I had one friend tell me to go be around my family—–that’s the last thing I want when I feel this way; my family doesn’t need to see this. They are hurting enough. Another friend told me that Angie would want me to be happy and not hurting; it’s not that easy. I do wish it were. I like to be in control of my feelings and I am not. That’s not ok. I don’t like how I am feeling at this moment. I know people mean well and care; but it’s not that easy.
I hate grief. I hate the way it makes me feel. I hate firsts after death. I hate mets. I hate feeling paralyzed. I hate anxiety – it consumes me. I hate not being understood by the ones closest to you. I hate the holidays. I hate emptiness. If I could hate my dad for being the initial cause of ALL of this I would…..but hate is a strong work—I simply would love to see him one more time and cause him 1/16th of my pain with a friendly throat punch; but I’ll settle for another butt chewing at his “headstone” although I feel nothing but emptiness while I’m there and when I leave there.

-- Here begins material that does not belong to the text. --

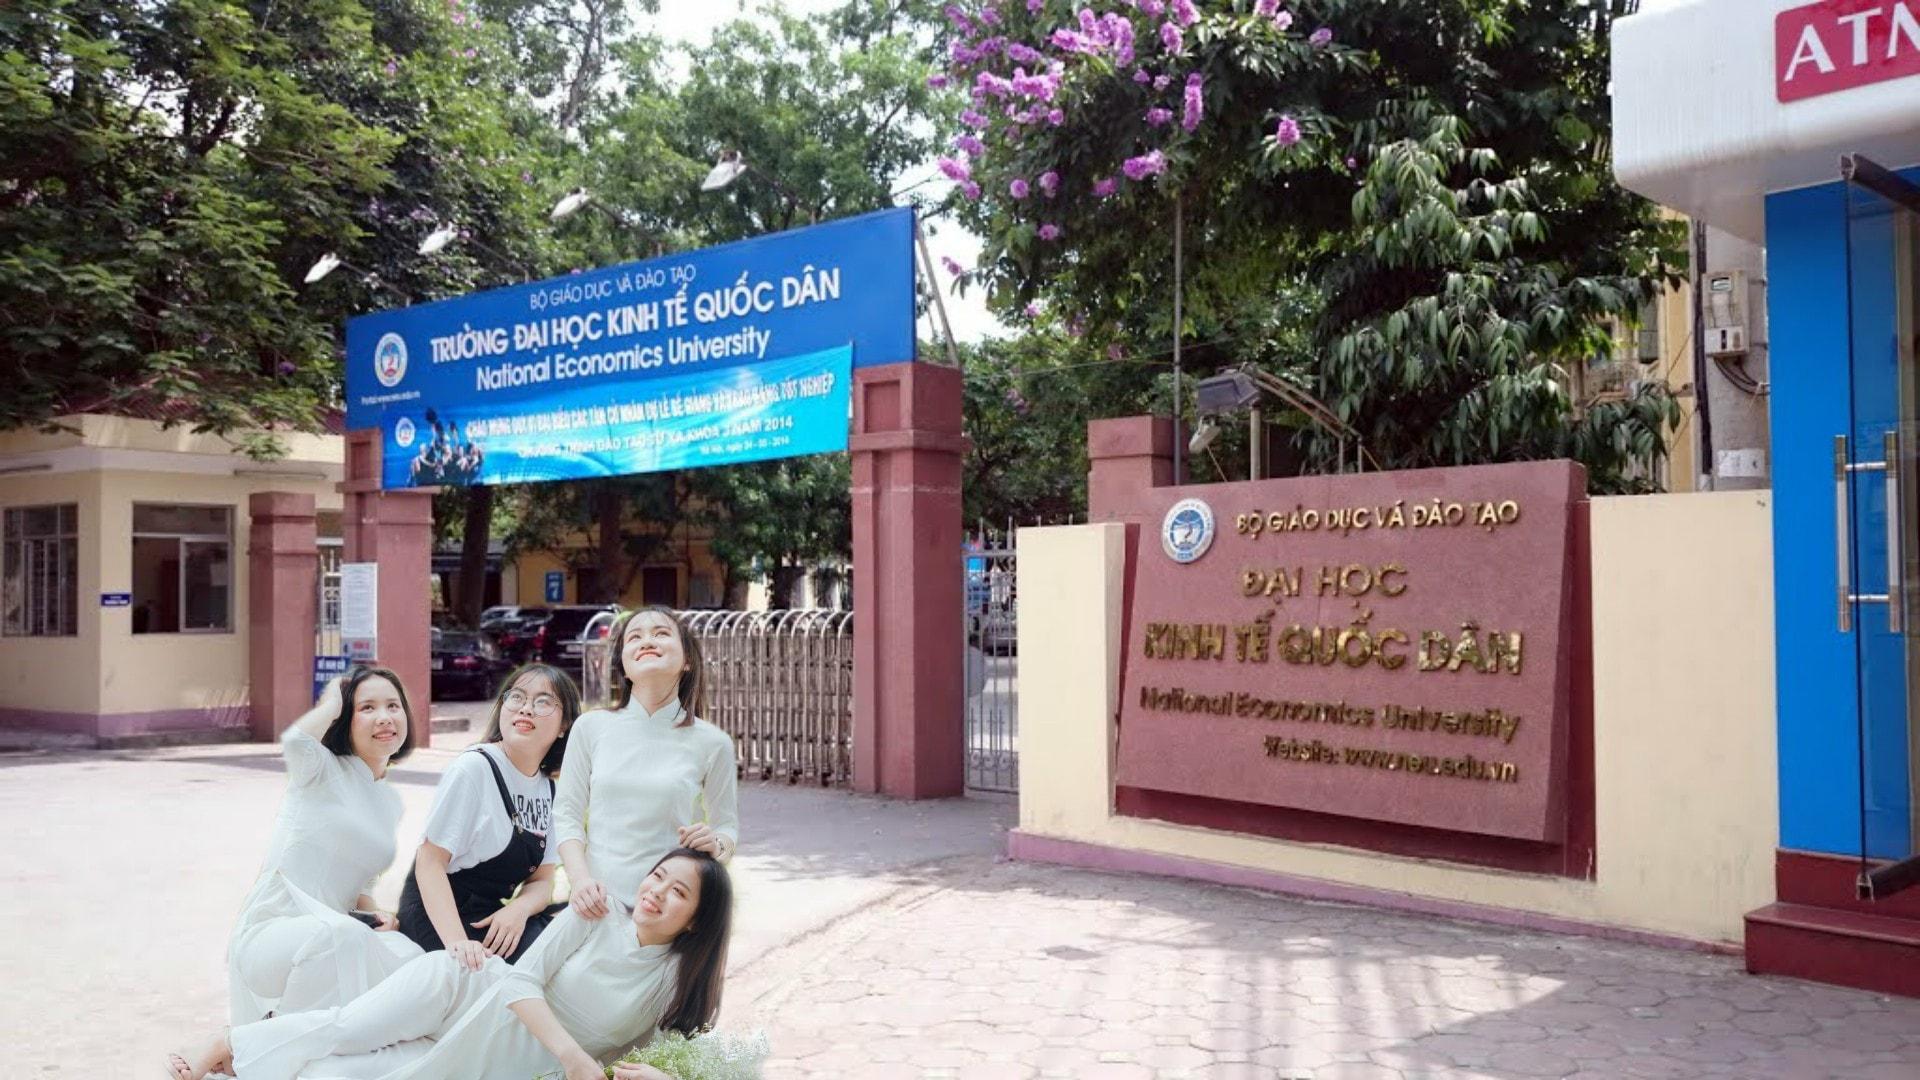 4 nữ sinh xinh đẹp cùng đỗ vào 7 trường đại học cực khủng ở Hà Nội, ai cũng phải choáng cho đến khi phát hiện ra một điều lạ - Ảnh 2.

Having my faith is what has assured that I’ve survived this typhoon; although I question it at times. If I walked through life without faith; I would not be here. I do know that I’m not alone and I hope that others in my shoes are realizing that they are not either. One of my biggest battles are some of the people that have been closest to me in life. They seem to cause me the most anxiety and anger while I attempt to process everything that this thing called grief has handed me. The lack of empathy is disheartening. Everybody’s grief and anxiety is different. Tell someone that is more fragile than a fine piece of china that they are acting stupid, being grumpy, never want to go out, are never fun anymore, are mean, “never show affection”, never wants to talk; the list goes on. Again –we all handle our grief differently, the daggers cause don’t help when we hit a wall and just break down. There IS a reason I am this way now. Grief comes in waves, and it has changed me. I won’t ever be the person that I was before. My goal is to be a better person, but I will not rush my grief, for anyone.